Plongée dans les violences ordinaires en milieu académique
Dans les laboratoires de recherche, il est un mot qu’on ne s’attend pas forcément à trouver : « violence ». Le dernier numéro de la revue sociale, culturelle et politique Mouvements, daté du 15 mai, tente d’en démontrer, au contraire, l’omniprésence, par des témoignages mais aussi des enquêtes de terrain. L’ensemble, rédigé par des spécialistes (psychologues, sociologues…), est assez convaincant dès lors que le lecteur accepte une définition large du terme. Violence sexuelle, violence symbolique, violence des relations au travail, violence envers les animaux… sont autant de volets abordés dans cette publication, qui rattache ces constats aux transformations en cours dans l’enseignement supérieur et la recherche, marquées par la compétition, l’individualisme et un management gestionnaire.
Le volet le plus évident est celui des violences sexuelles et sexistes, dont on sait qu’elles n’épargnent pas le monde académique, comme toute organisation. Deux textes viennent rappeler la lente et difficile prise de conscience et des actions pour y mettre fin. Malgré de premières alertes dès 2002 dans le milieu universitaire, puis le mouvement Metoo, le déni et les résistances sont encore nombreux.
D’autres textes glissent ensuite vers les conditions de travail, les risques psychosociaux et les souffrances des personnels. Des auteurs montrent ainsi la pertinence de construire un observatoire sur ce sujet, afin de mêler action syndicale et méthode scientifique pour documenter les conséquences négatives des changements à l’œuvre, qui mettent les personnels sous pression, engendrent de la précarité ou tordent l’éthique même de la profession.
Un dernier texte enfonce le clou en s’inquiétant de ce que la mise en place de cellules consacrées aux risques psychosociaux n’aggrave, en réalité, la situation par une mise à l’écart des syndicats, une trop forte individualisation et une déresponsabilisation des directions.
Impératifs éthiques et de productivité
Plusieurs situations particulières illustrent concrètement ce que « violence » peut vouloir dire autour des paillasses.

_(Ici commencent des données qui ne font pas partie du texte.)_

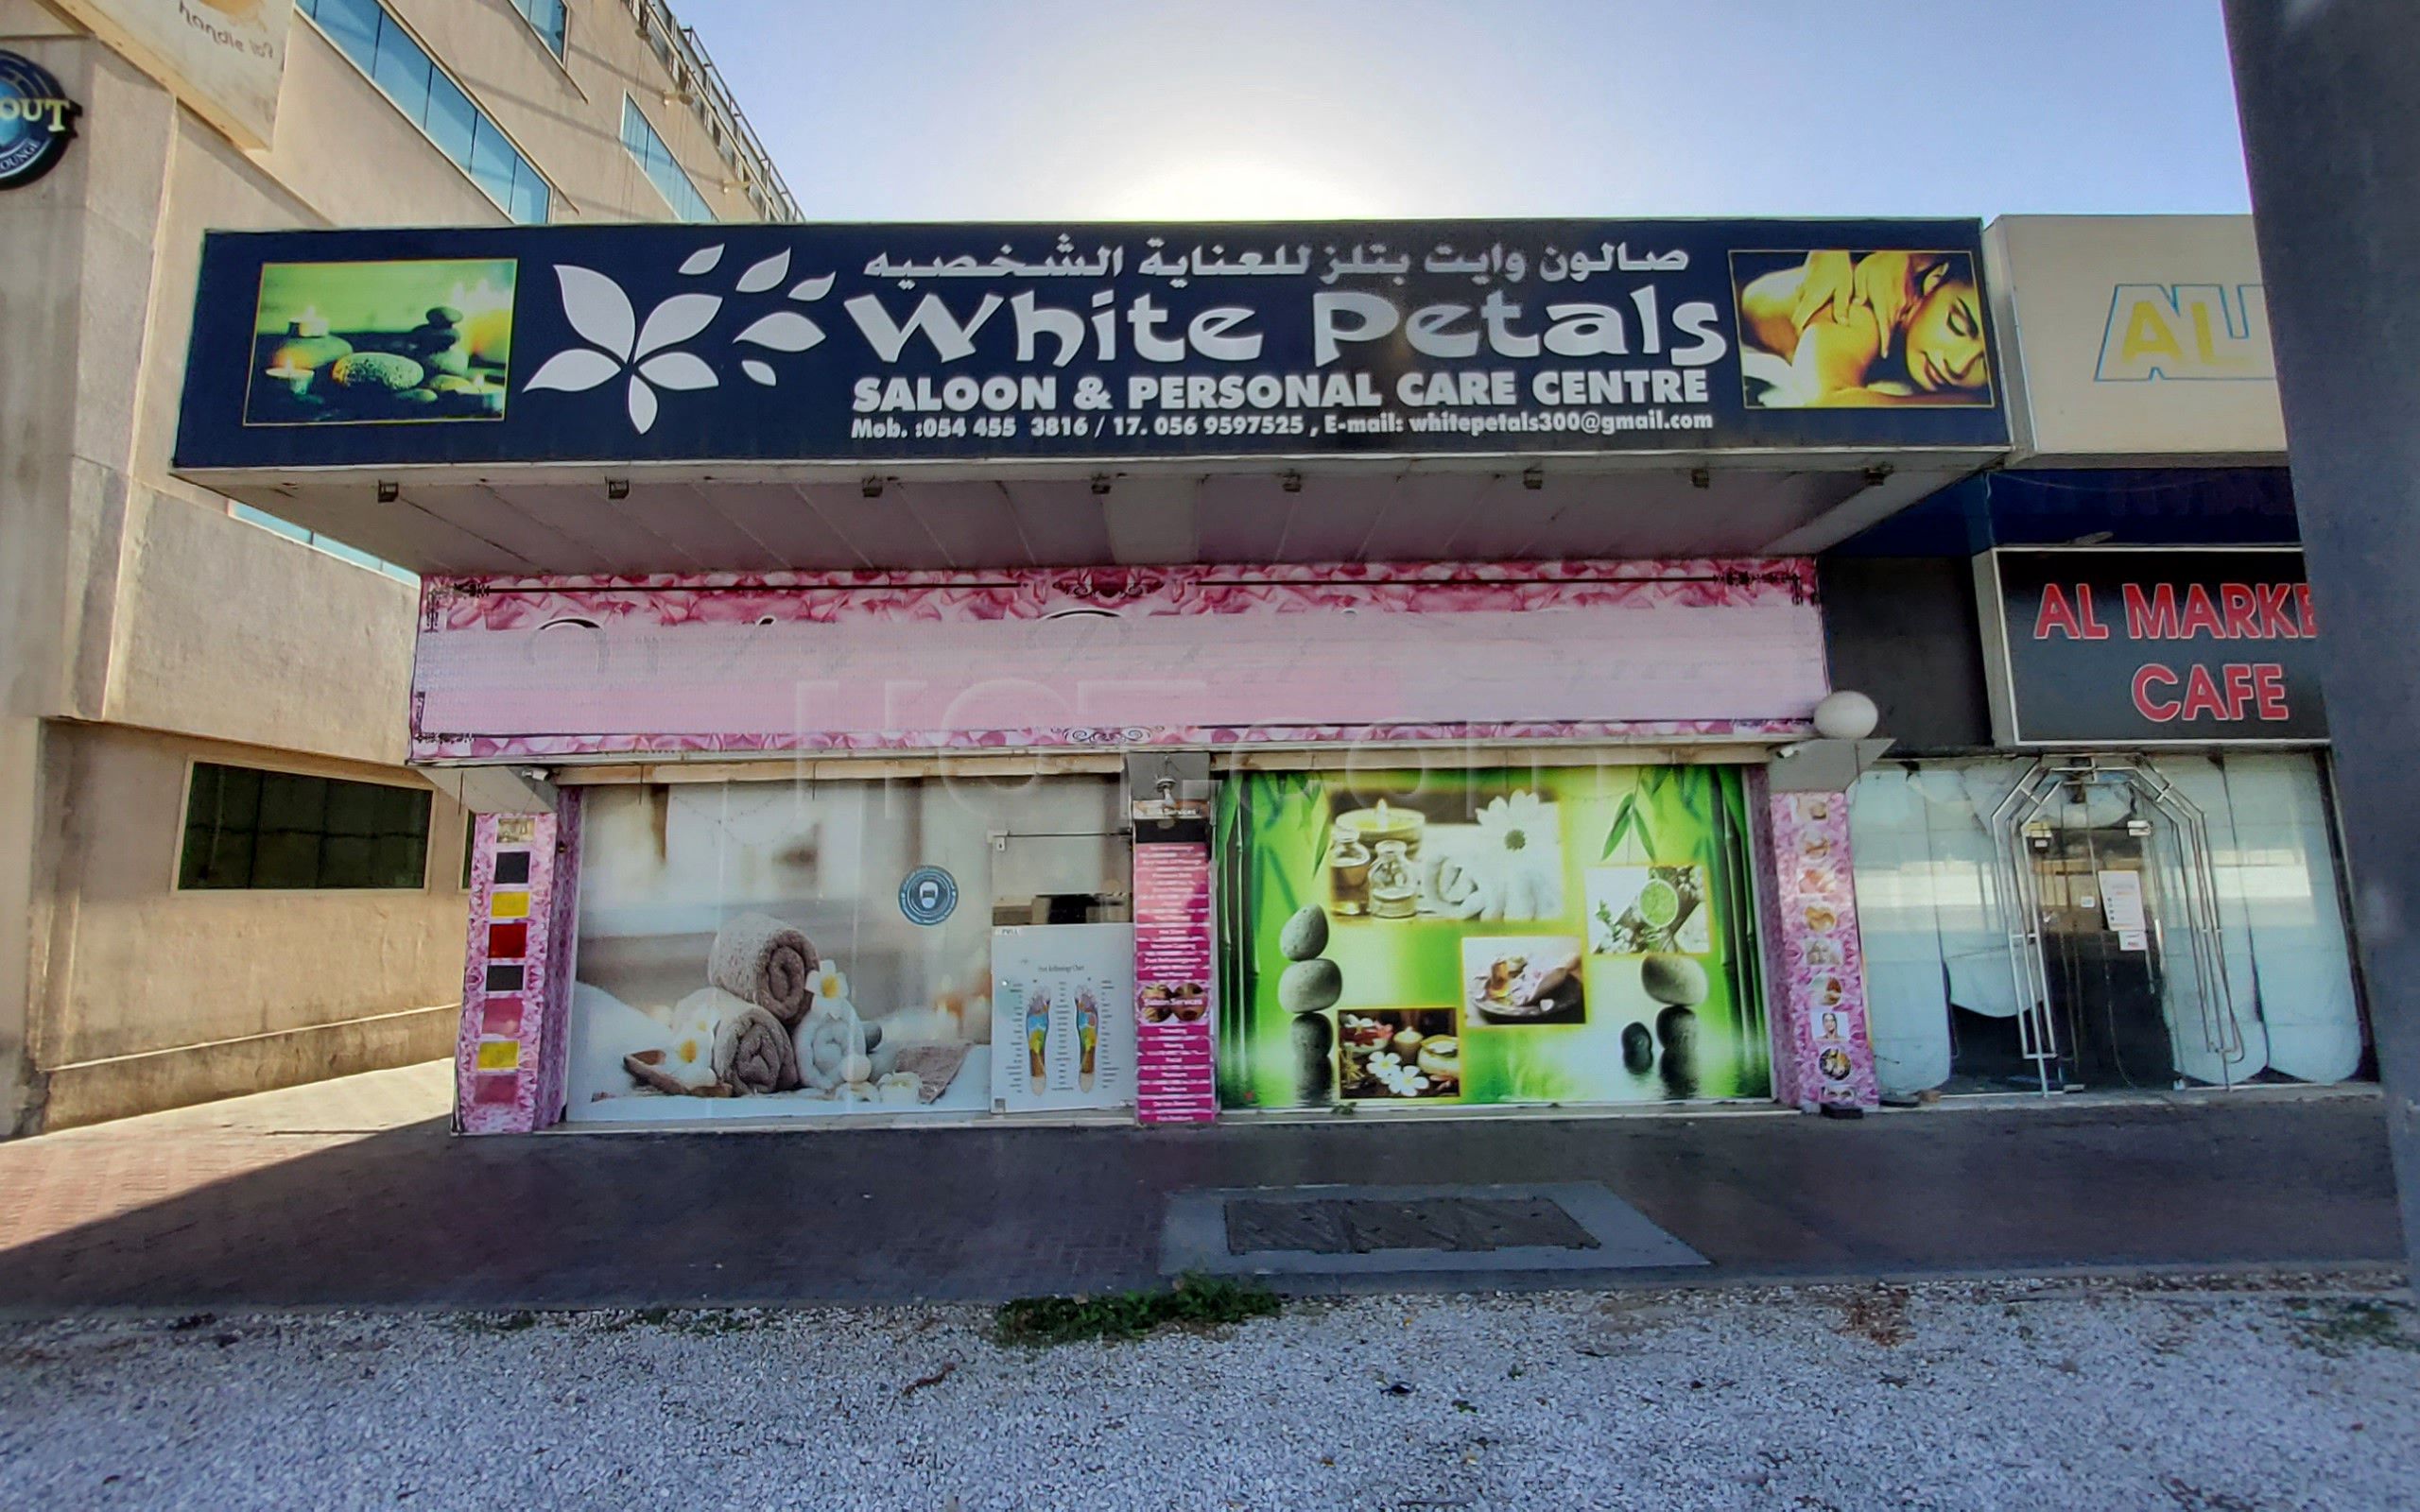 Dubai, United Arab Emirates White Petals Saloon & Personal Care Centre

Il y a le récit d’une grève des employés de ménage, qui montre la violence cachée subie par ces prestataires. Ou celui d’employés d’animaleries qui se trouvent en tension entre des impératifs éthiques et de productivité ; sans compter la difficulté à saisir le sens de leur travail à cause de chercheurs peu enclins à expliquer les raisons du recours à ces animaux.
Des employés d’un éditeur académique témoignent de leur souffrance à gérer une surcharge de travail induite, a priori paradoxalement, par la numérisation de leur activité. Une nouvelle recrue décrit un stage de formation où elle se sent mal lorsqu’elle se rend compte que la priorité n’est pas ce qu’on dit mais comment on le dit. Elle s’avoue piégée par des dispositifs d’intégration « ludiques », loin de ses valeurs.